Wednesday, August 20, 2014

Dead to You

A review in 10 words (or thereabouts): How science solves the mystery, and genetics comes back to bite a boy in the butt.

Author: Lisa McMann
Info: Simon Pulse, copyright 2012, 243 pages

Ethan was abducted from his front yard when he was just seven years old. Now, at sixteen, he has returned to his family.

It's a miracle... at first.

Then the tensions start to build. His reintroduction to his old life isn't going smoothly, and his family is tearing apart all over again. If only Ethan could remember something, anything, about his life before, he'd be able to put the pieces back together.

But there's something that's keeping his memory blocked.

Something unspeakable...

~Goodreads Description~

I wasn't going to write this review.  It's not that it was really poorly written.  I just found it to be completely implausible. 

The Breakdown
Ethan was kidnapped as a small boy, but he's back.  He doesn't remember much about his abduction, and his memories of his childhood are basically non-existent, but he's happy to be off the streets back with the family he once knew.  But things aren't going as smoothly as he had hoped.  His parents are extremely overprotective, his brother hates him, and there's a replacement child that's just as stubborn as he is.  The small town is overjoyed to have the lost boy returned, but the memories of his past keep coming back to haunt him, and Ethan is about to find out that the past can destroy you.

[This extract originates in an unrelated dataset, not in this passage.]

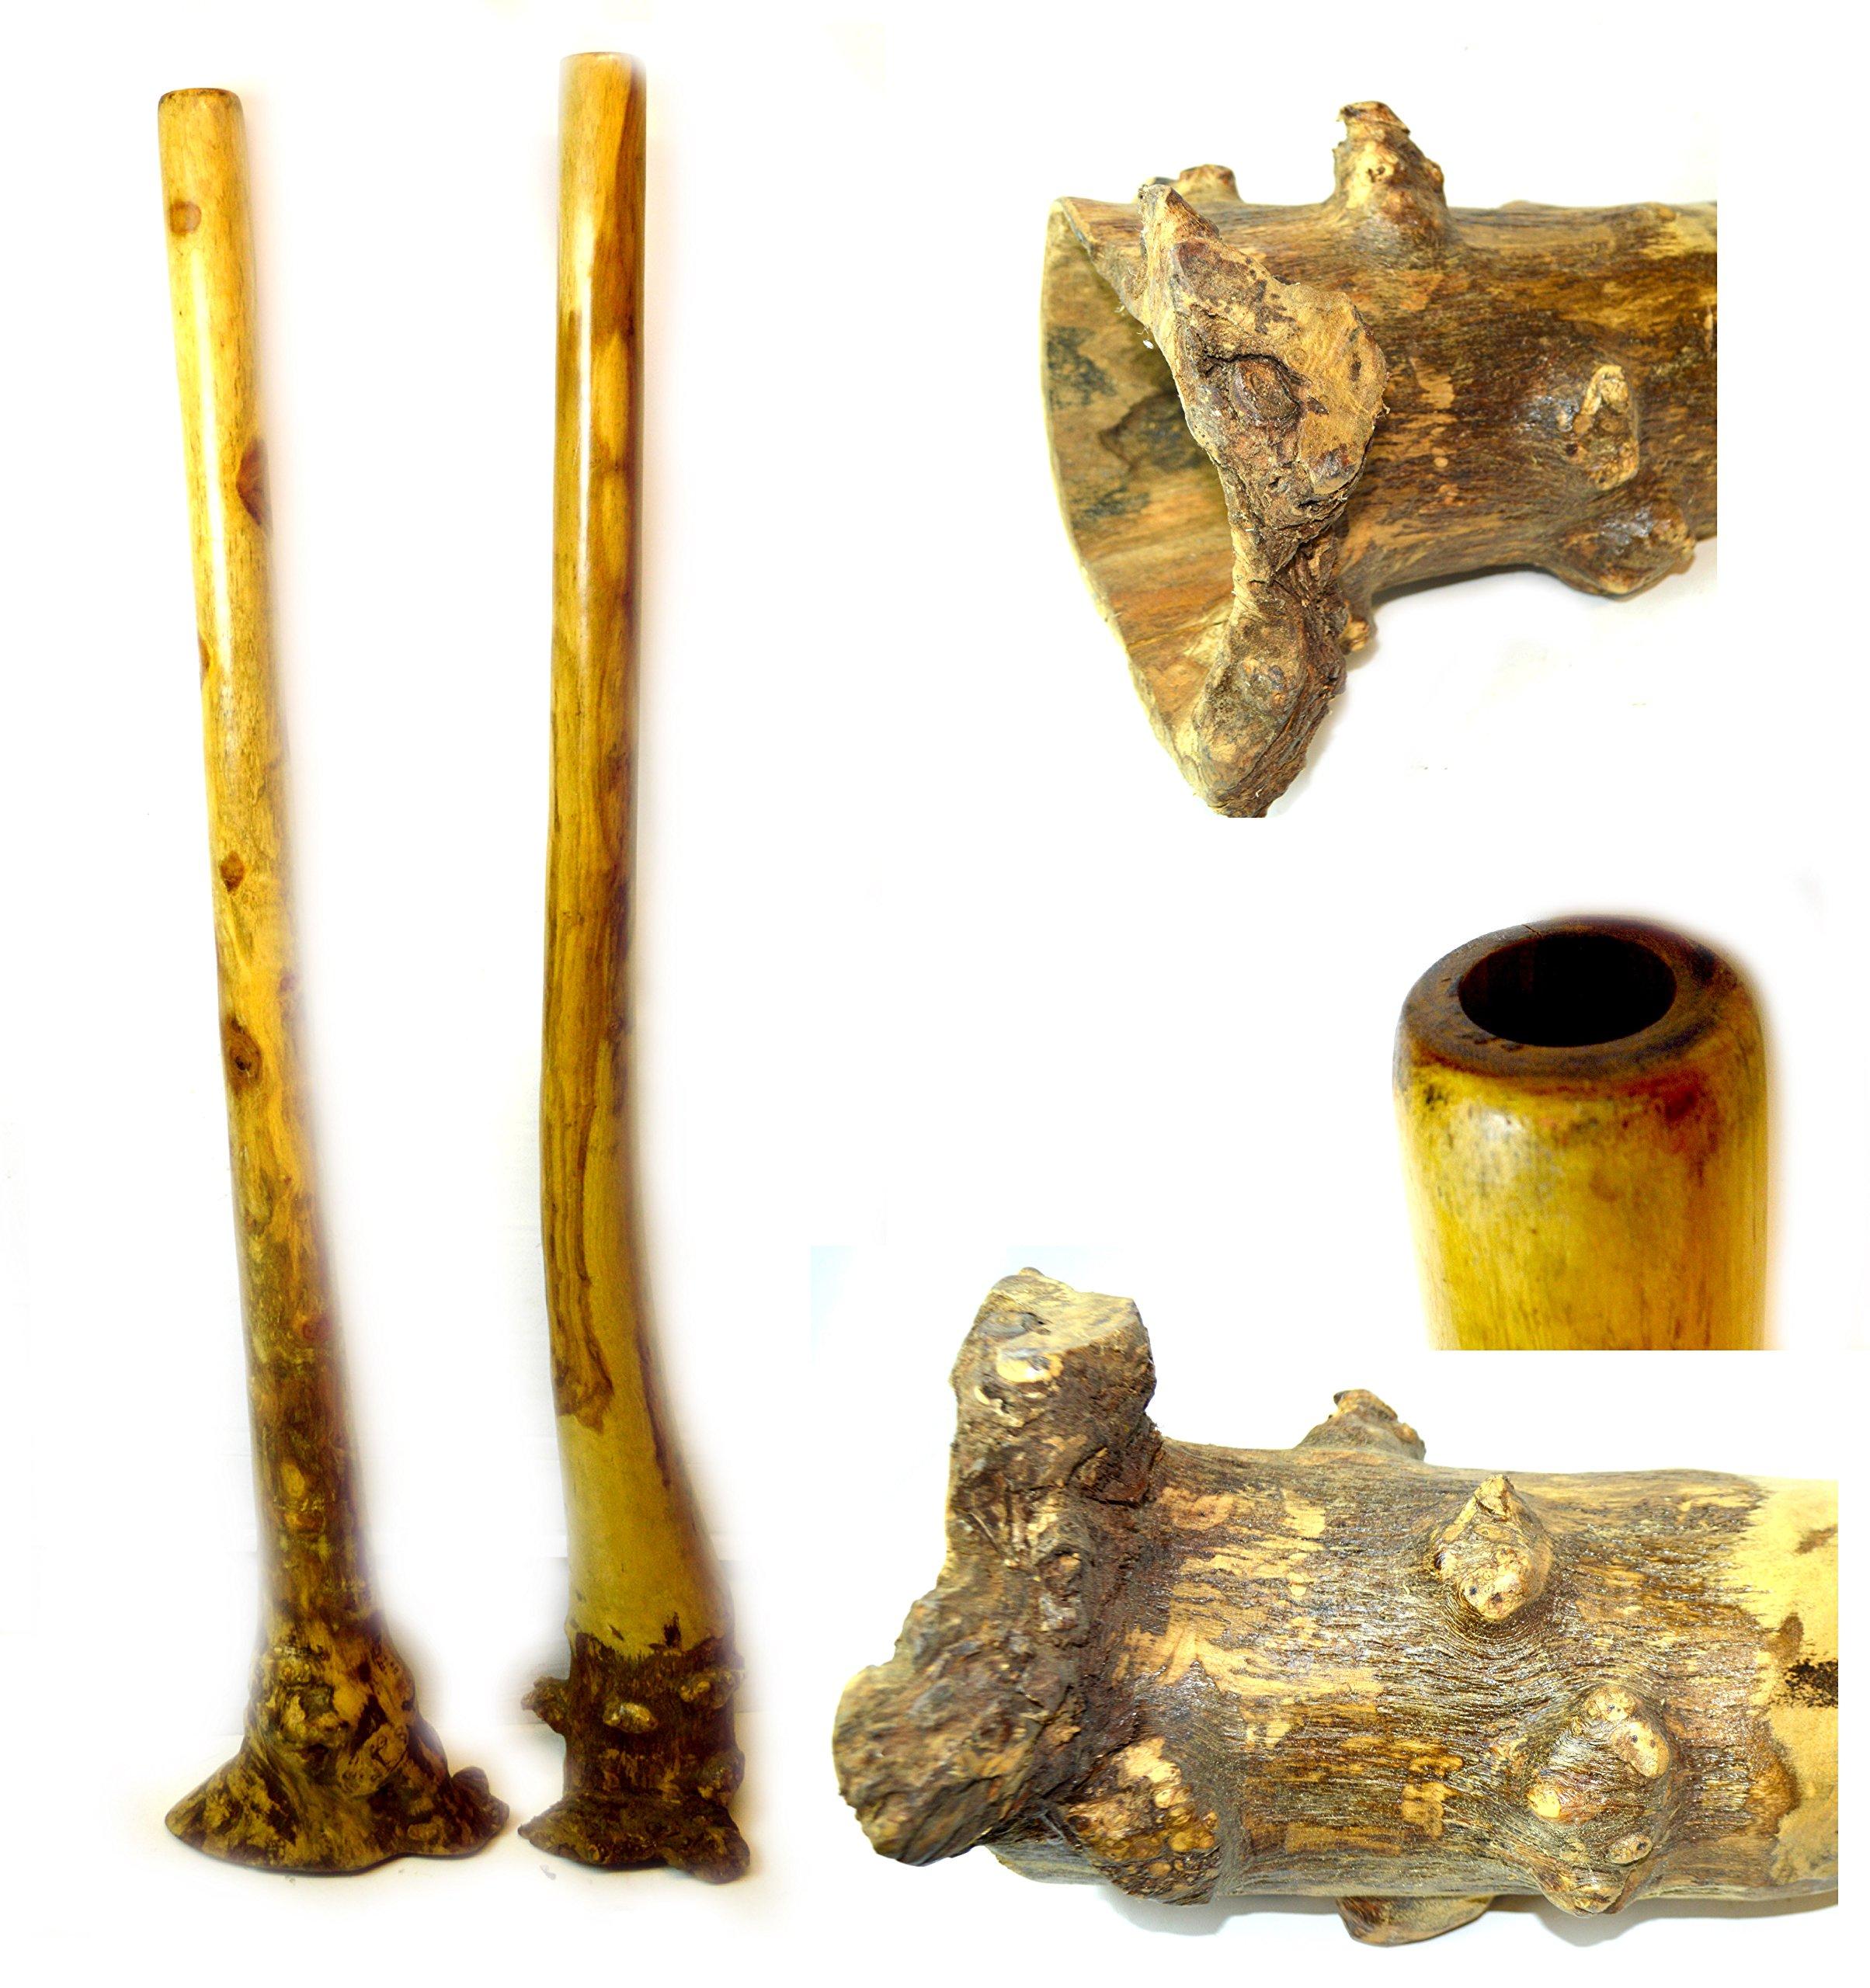 60'' Djembe Bongo Hand Carved Out of Eucalyptus African Didgeridoo Didjeridu Aboriginal Dot Art Design *One for Sale*

So I can buy a lost boy returned.  And I can buy a loss of memories suffered by trauma and possibly stockholm syndrome.  But I refuse to believe that a family would meet a lost child and immediately take him home without any initial counseling or visitations.  I also can't believe that that same child, who has been gone for NINE years, would be sent to school two days later without having first learned the type of abuse, mental or physical, he might have endured.  And would a family really bring a stranger, who has knowingly been living on the streets, into their home when they have two other children at home, one of which has no idea she had a brother that disappeared in the first place?

Again, not poorly written, Lisa McMann has some talent, just not a great plot.  I never really sympathized with Ethan and his difficulties.  I never actually sympathized with anyone in the family, and I really felt like I should after everything they endured.  It was, however, fast paced and easy to read, with clues revealed pretty quickly while still building tension and intensity.

Sadly, there are many of these kinds of stories in the news.  And if you're fascinated with the consequences of captivity, loss, and neglect, this might be the book for you.